Монашка проснулась, судорожно схватила платок и быстро повязала на голову. Она зло посмотрела на хозяина, будто он застал ее за каким-то постыдным занятием.
Через четверть часа Ольга оделась и ушла. Вернулась в половине десятого, Крылов сам открыл ей дверь. Сначала ему показалась, что женщина выпила, но запаха спиртного не было, и Крылов задался вопросом: отчего у дамы такие красные глаза? Может, плакала?

Впервые он поймал себя на мысли, что она ему интересна, правда, самую малость. А вот он ей, похоже, не интересен вовсе, относилась она к Ивану, как к пустому месту, как к мебели и чему-то, что вечно мешается под ногами.

                Глава  4.

                Сто три года назад.
 «Травы, травы не успели, от росы серебренной согнуться…». Лина любит летней рассветной порой возвращаться с заливных лугов. Тяжелые сумки за спиной режут веревочными лямками плечи, но чувство честно выполненного долга сильнее боли.

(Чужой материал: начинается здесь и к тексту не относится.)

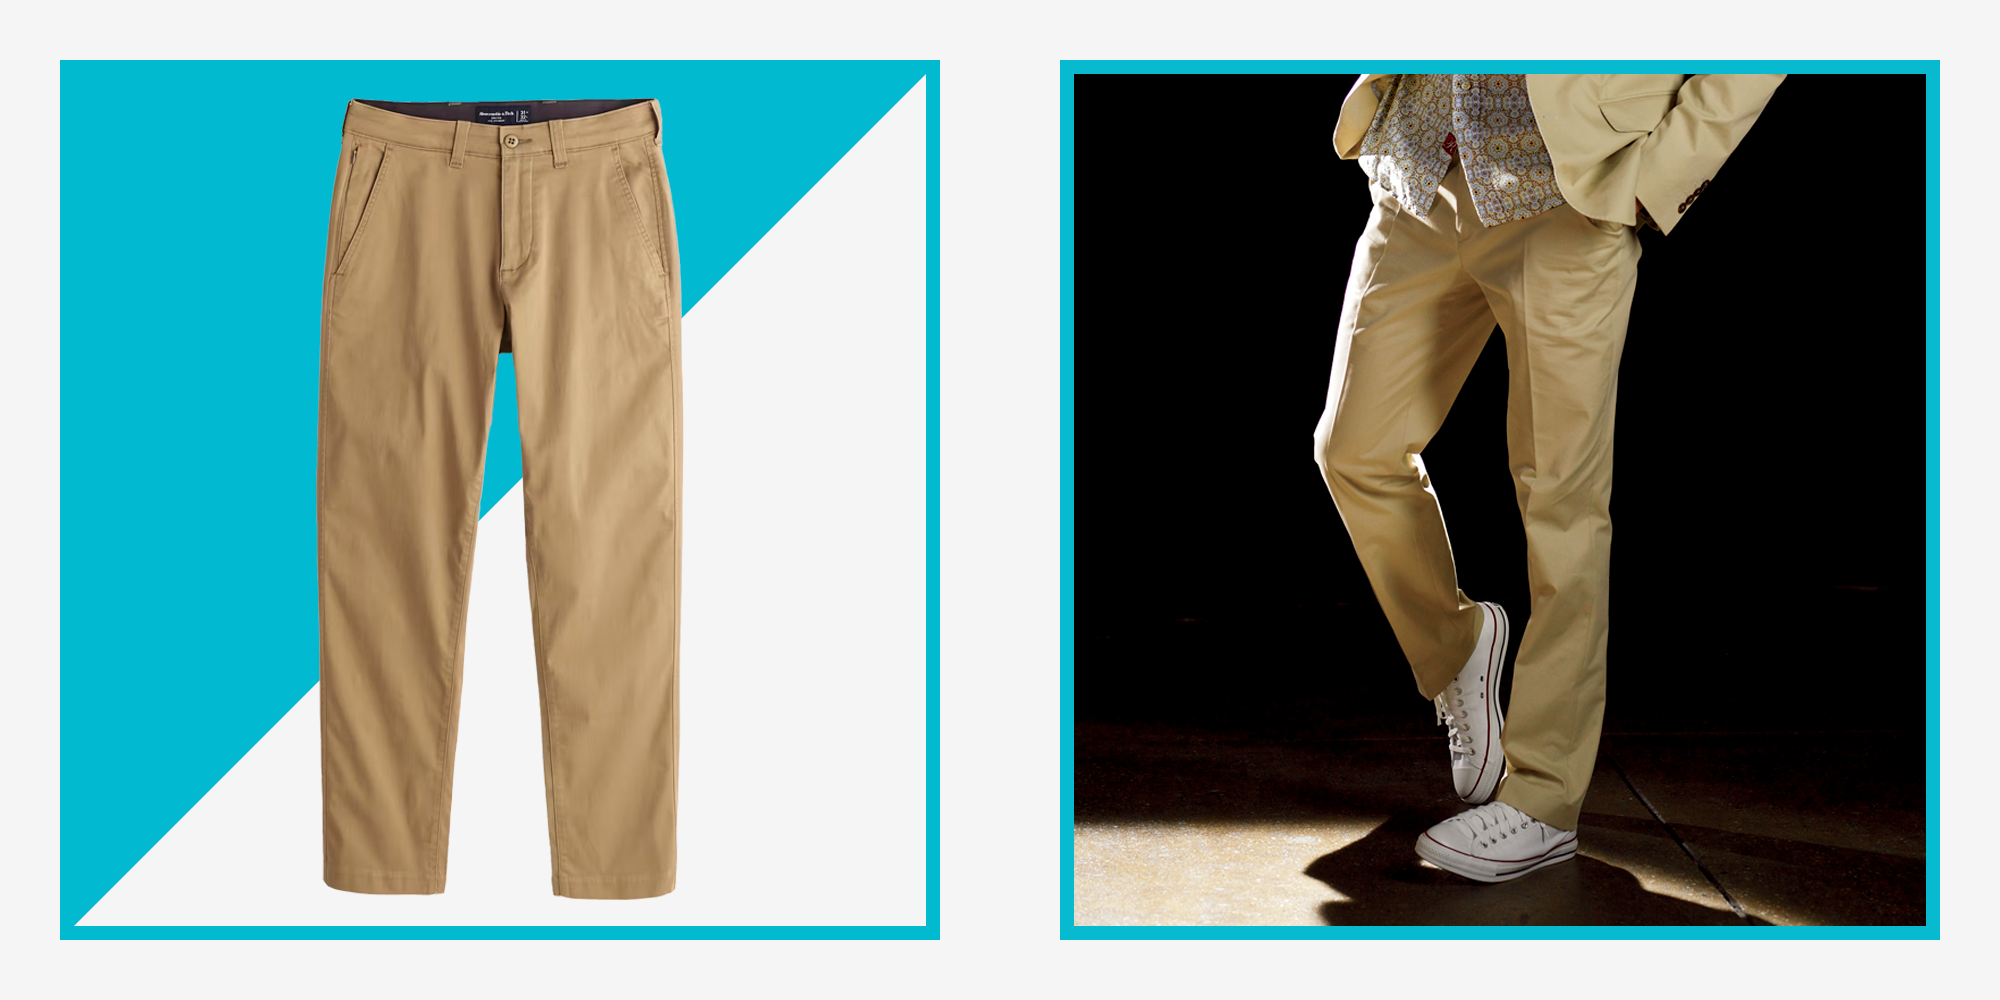 Khaki Pants Are Cool Again. Here Are the 20 Best Pairs to Buy.

       Бабушка не просто заставляет Линку собирать травы, к каждой травке свои приговоры и так называемый «человеческий фактор».
       Трава собирается для конкретного человека, под его болезнь. Хитра бабушка, заметила, что Линка жалостлива к зверью и людям, особенно к маленьким детям.

      Да и не только бабушка заметила сердобольность Лины, простолюдины тоже оказались не лыком шиты. Наверное, поэтому в прошлом году на пороге дома Кубяки оказалась новорожденная девочка.

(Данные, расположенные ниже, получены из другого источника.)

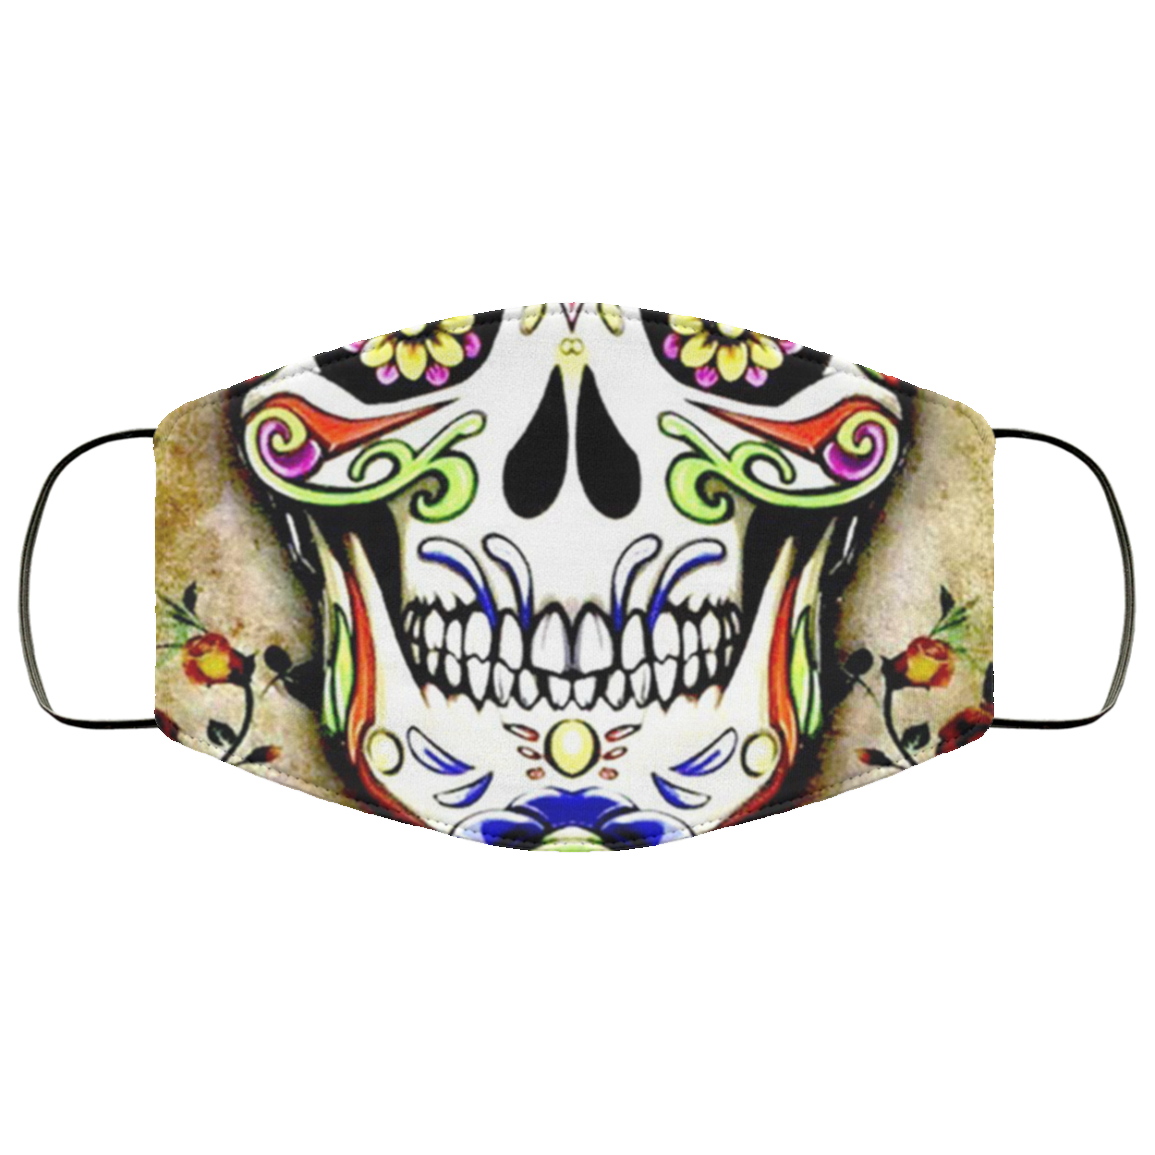 Day Of The Dead Skull Face Mask | Allbluetees.com

    Лина приняла подкидыша спокойно, бабушка же была необыкновенно зла, долгое время   искала родителей ребенка, но вокруг была первозданная тишина, младенцы не пропадали, молодые мамы не умирали.

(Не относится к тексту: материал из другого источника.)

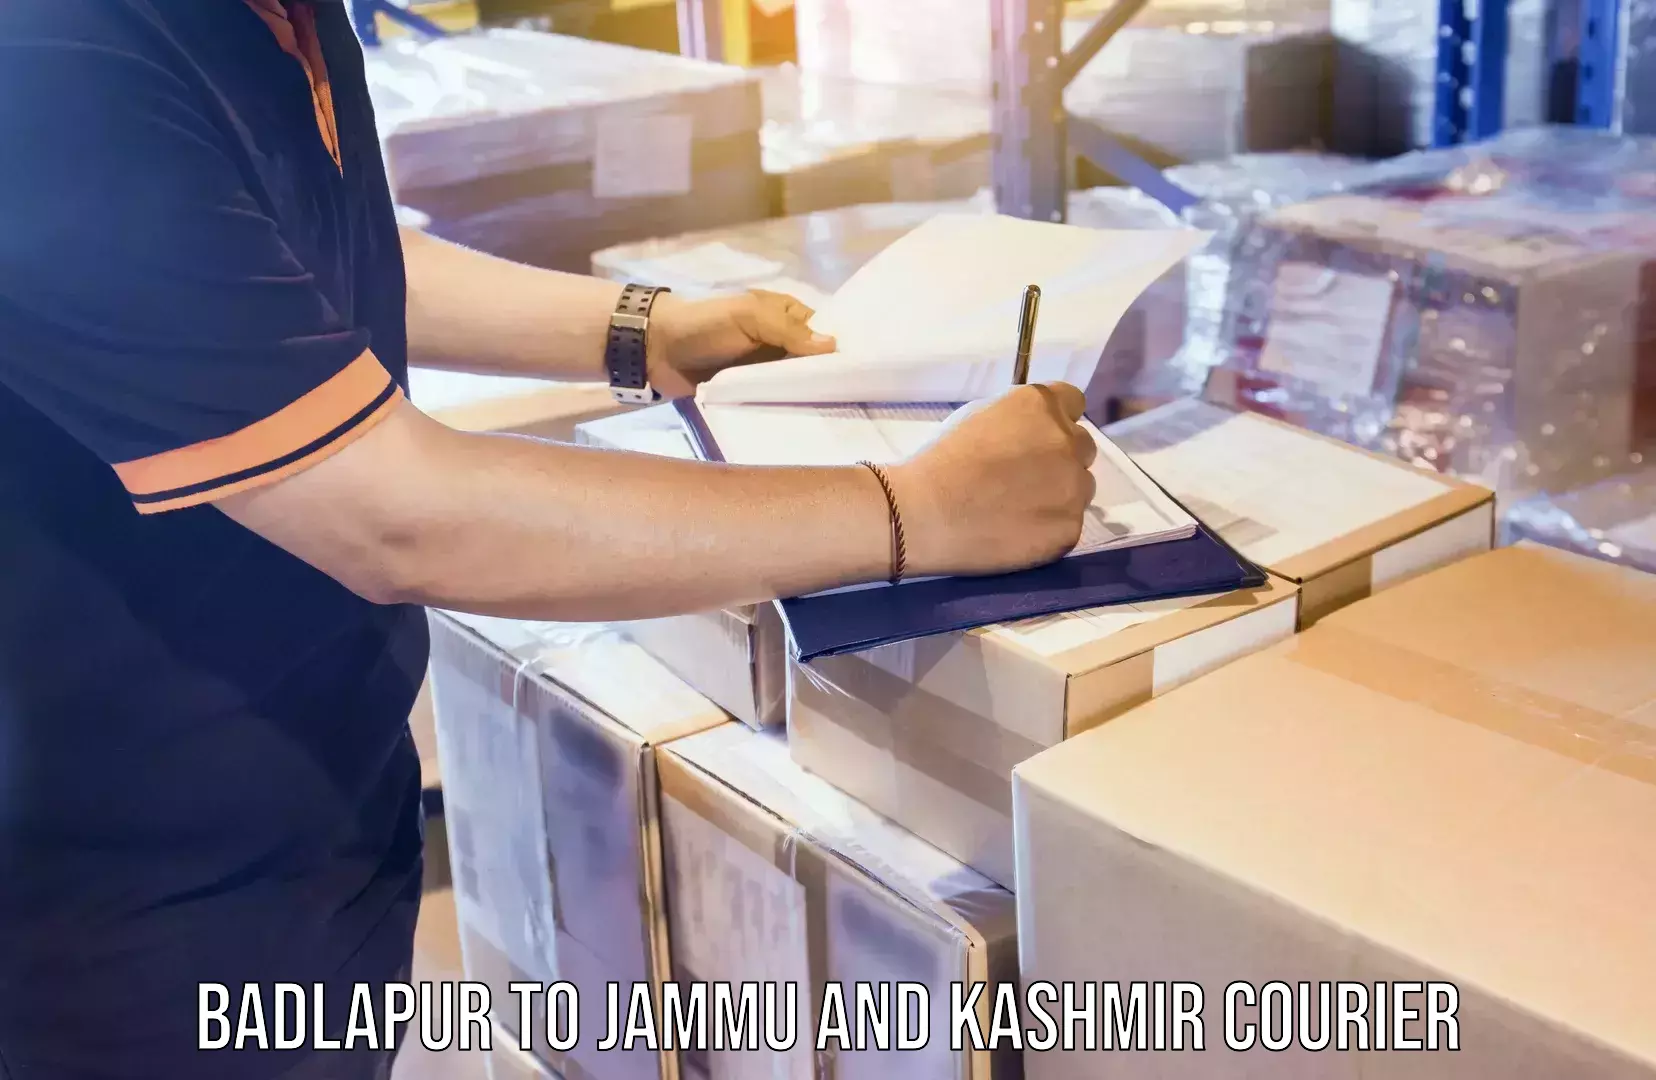 Local delivery service Badlapur to Jammu and Kashmir

     Только через полгода бабка дозналась от бродяжки перехожего чей этот ребенок. Сейчас Симке годик с небольшим, она, наверное, уже проснулась и терпеливо ждет их с бабушкой в своей кроватке.

     От этих мыслей Виталина ускорила шаг – удивительно, но в шестнадцатилетней девочке материнский инстинкт проснулся вместе с появлением в доме крошечного существа. Она любила малышку самозабвенно и преданно, так, что бабка боялась за ее рассудок.

Беда ждала их на околице. Именно оттуда женщины увидели дымок над крышей своего дома. Бабушка первой поняла, что случилось, заголосила, упав на землю.
 Лина скинула сумку и бросилась бежать, что было сил. Но было поздно – хатенка пылала уже вовсю, что неудивительно в столь жаркое время.

Лина несколько раз кидалась к дому, но люди оттаскивали девушку, пока не догадались связать. Только тогда она успокоилась, тупо глядя в огонь, сожравший ее дитя.
Подошла бабушка, враз почерневшая от горя, к ней потянулись люди. Кто-то сказал, что видел поутру чужую старуху, крутившуюся возле дома. Бабка молчала, она уже знала, чьих это рук дело.

На далекой заимке, возле костра, на грани ночи, полетели в небо слова боли и скорби: «Проклинаю тебя, лишившую жизни собственную внучку, самой страшной клятвой – пусть изыдет твой род, пусть потеряет силу свою, пусть не будет сто лет в твоем роду сильных ведьм, если не сумеете делами богоугодными искупить вину свою. Кровью своей пишу, заклятье накладываю. Во имя отца и сына и святого духа. Аминь. Аминь. Аминь».